Feature #4965
openSuricata should detect application layer protocol underneath SOCKS
Description
Related issue: https://redmine.openinfosecfoundation.org/issues/2513
Suricata should apply application layer protocol parsers to protocols being tunneled through SOCKS.
Currently, an HTTP request being proxied through a SOCKS tunnel does not get recognized by the HTTP application layer parser. In my opinion, an HTTP request through a tunnel is still an HTTP request and should match against http.* keywords.
Likely there will need to be some keyword(s) to control this behaviour, eg. such that a signature writer could bypass the tunnel decapsulation and match traffic that pretends to be SOCKS but is not.

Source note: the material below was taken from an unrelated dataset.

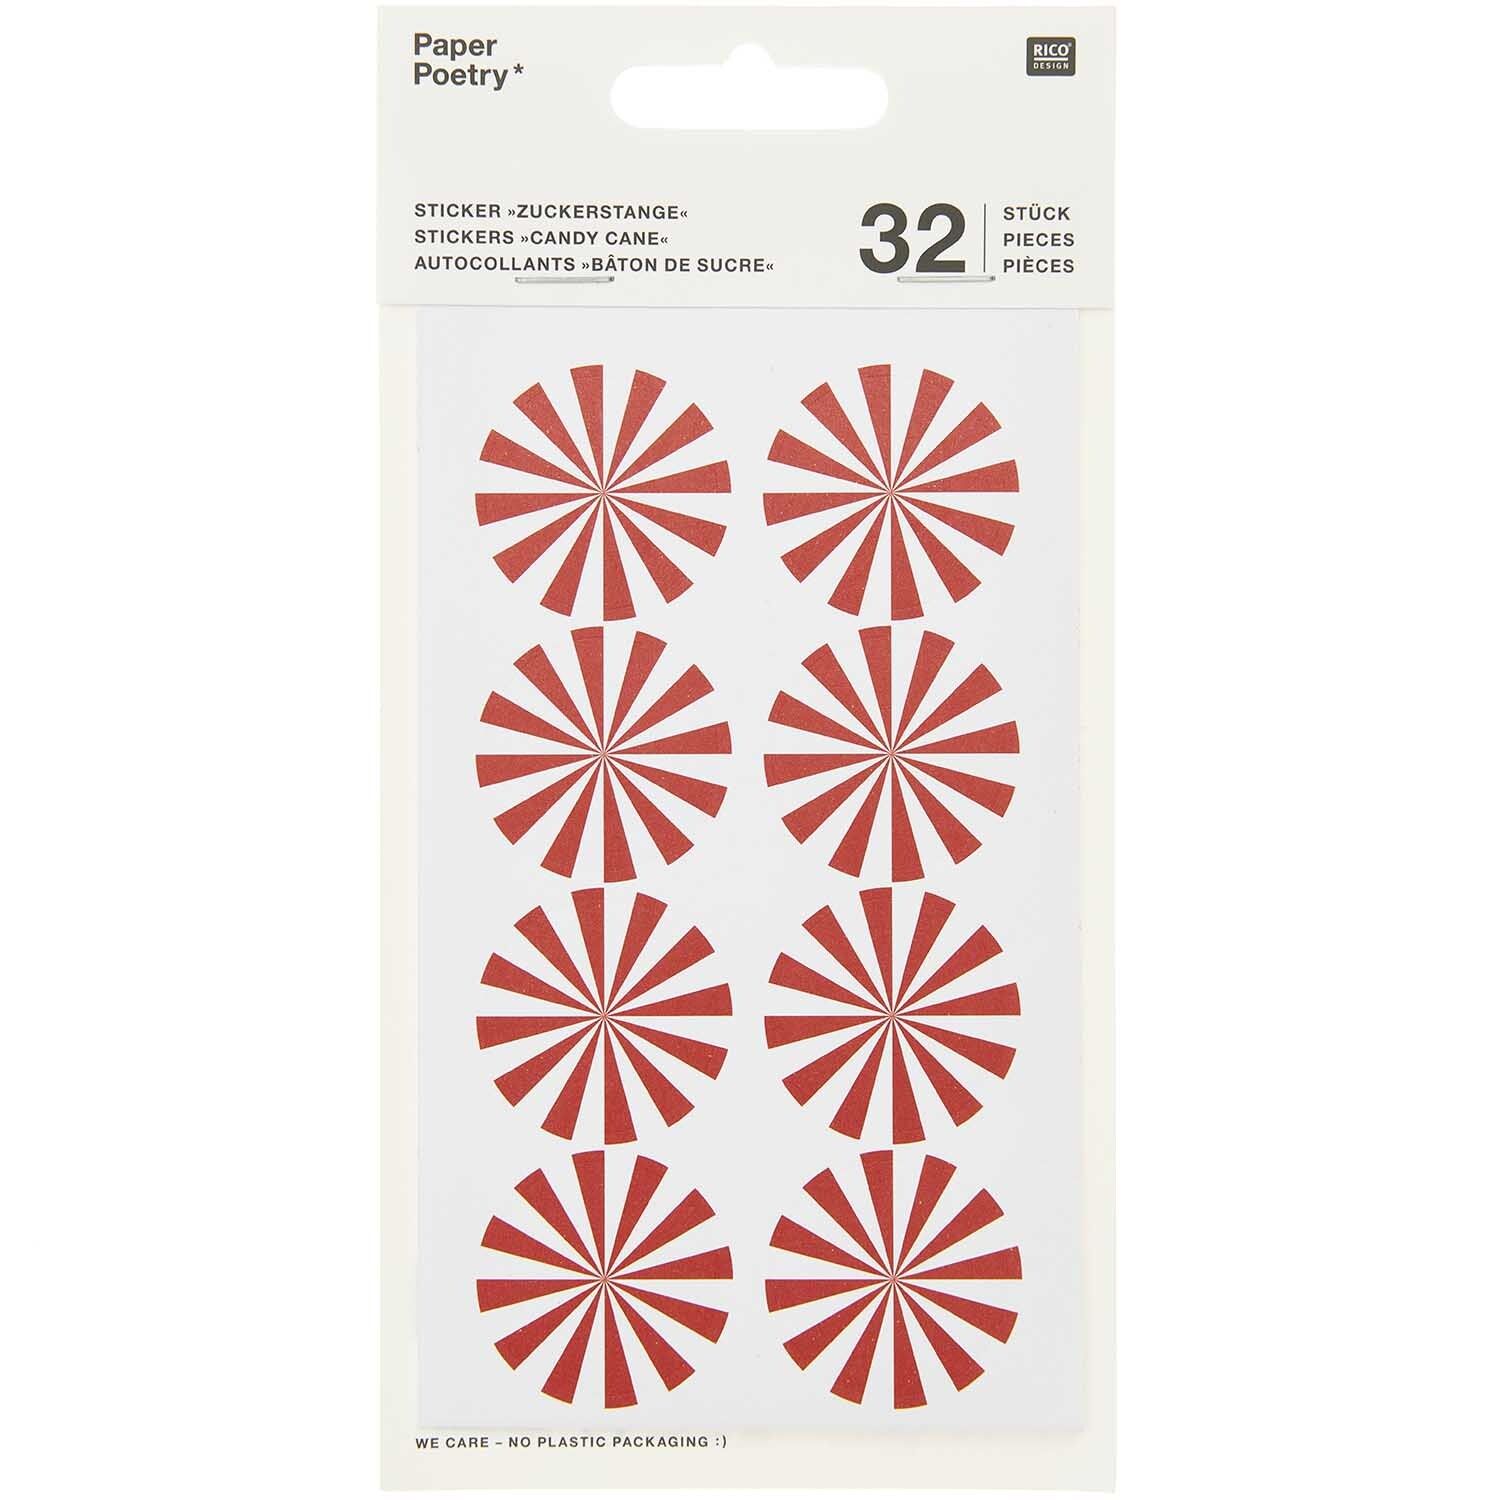 Paper Poetry Sticker Christmas rot-weiß 4 Blatt günstig online kaufen »

Ideally, this feature could be expanded in the future to apply to other types of tunneling protocols.
Files
Updated by Brandon Murphy 26 days ago
- File aa391f05-780d-4a98-a520-eff3a436b3cf_SOCKS_only.pcap aa391f05-780d-4a98-a520-eff3a436b3cf_SOCKS_only.pcap added
attached pcap of malware using SOCKS proxy. We're not able to use http protocol on this and instead forced to do unbuffered content matches.
reference: https://app.any.run/tasks/aa391f05-780d-4a98-a520-eff3a436b3cf
Note: Within wireshark, i had to set the SOCKS port to 9200 (default i think was 1080). Once I did that, everything decoded correctly.